In a press release issued today, FIRE warns that congressional legislation reauthorizing the Violence Against Women Act (VAWA) may include new provisions sharply reducing due process protections for college students accused of sexual assault.
A draft of the Violence Against Women Reauthorization Act of 2011 circulated by Senator Patrick Leahy’s office effectively requires that colleges and universities receiving federal funding must employ a “preponderance of the evidence” standard—a 50.01%, “more likely than not” evidentiary burden—when adjudicating student complaints concerning sexual assault.
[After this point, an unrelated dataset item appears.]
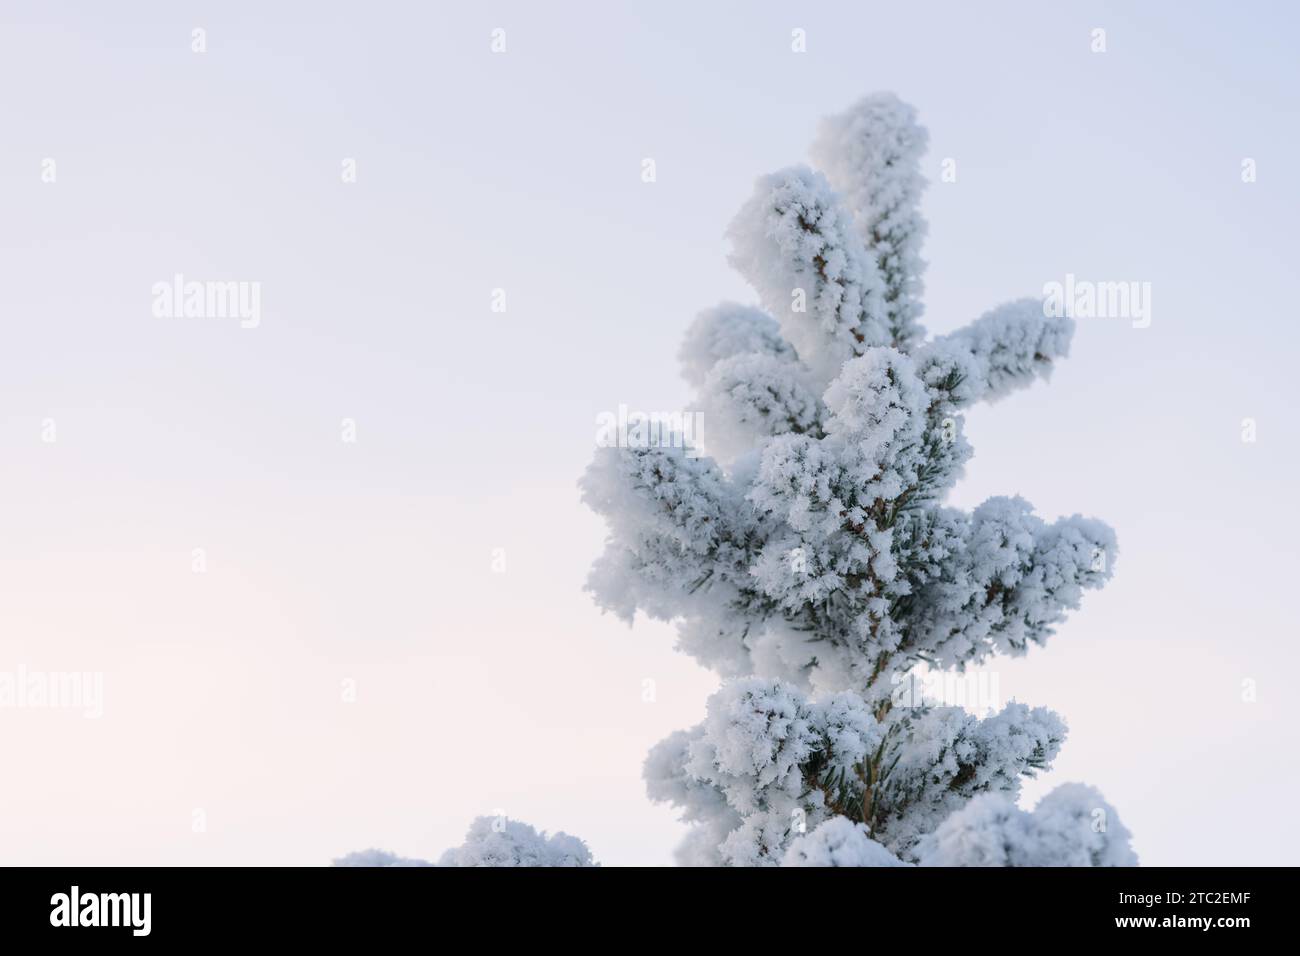 Closeup photo of spruce tree top covered with hoarfrost after very cold night, shallow focus Stock Photo

The draft also includes a provision requiring universities to allow alleged victims of sexual assault to appeal the results of college disciplinary hearings, subjecting accused students to a form of “double jeopardy” not allowed in our nation’s courts.
If these proposed legislative changes sound familiar, that’s because they were first contained in the Campus Sexual Violence Elimination (SaVE) Act. (Indeed, Section 304 of the draft VAWA bill is titled “Campus SaVE Act.”) The Campus SaVE Act, introduced in both the Senate and the House of Representatives, contains nearly identical requirements and similarly restricts fundamental due process rights.
And even before the Campus SaVE Act, these changes were mandated by the Department of Education’s Office for Civil Rights (OCR), the federal agency tasked with enforcing federal anti-discrimination statutes. In an April 4, 2011, “Dear Colleague Letter” from Assistant Secretary for Civil Rights Russlynn Ali, OCR mandated that colleges and universities receiving federal funding must employ a preponderance of the evidence standard under Title IX when adjudicating allegations of sexual harassment and sexual assault—a requirement the 39-year-old law had not previously been interpreted to contain.
The draft bill provides that colleges adjudicating student complaints concerning sexual assault must “apply the standard of proof recommended by the most recent Guidance issued by the Department of Education’s Office for Civil Rights” (OCR). This would codify OCR’s new regulation on standard of proof, which has already coerced colleges and universities across the country to abandon their commitment to due process protections for students accused of sexual assault.
As FIRE pointed out in our May 5, 2011, open letter to OCR, Supreme Court precedent argues strongly against using the preponderance of the evidence standard in campus hearings concerning allegations of sexual harassment or sexual violence. Preponderance of the evidence is our judiciary’s lowest evidentiary standard and provides insufficient protection to students accused of serious misconduct. In our letter, we explained that lowering the burden of proof in sexual assault cases will reduce confidence in campus judiciary systems and inevitably result in more incorrect guilty verdicts.
The draft bill also provides that colleges must maintain “procedures for the accused and the victim [emphasis added] to appeal the results of the institutional disciplinary proceeding.” The requirement contradicts the Fifth Amendment’s prohibition on “double jeopardy,” whereby someone accused of a crime cannot be tried again for the same charge once the original hearing has properly ended in either acquittal or conviction. For the same reasons of fundamental fairness that our criminal justice system does not allow the accused to face double jeopardy, Congress should not force college students to face a second hearing for the same charge. Further, allowing accusers to appeal a not-guilty finding amplifies the due process problems introduced by the preponderance of the evidence mandate.
Unfortunately, OCR has failed to respond to FIRE’s letter or to two letters from the American Association of University Professors in defense of due process rights.
As FIRE President Greg Lukianoff said in today’s press release, “Reducing protections for students who are accused of serious misconduct will not increase justice.” That’s why FIRE is urging citizens to contact their Senators and ask them to reject these provisions in the draft bill. To be clear, FIRE holds no position on any other section of VAWA or the draft bill.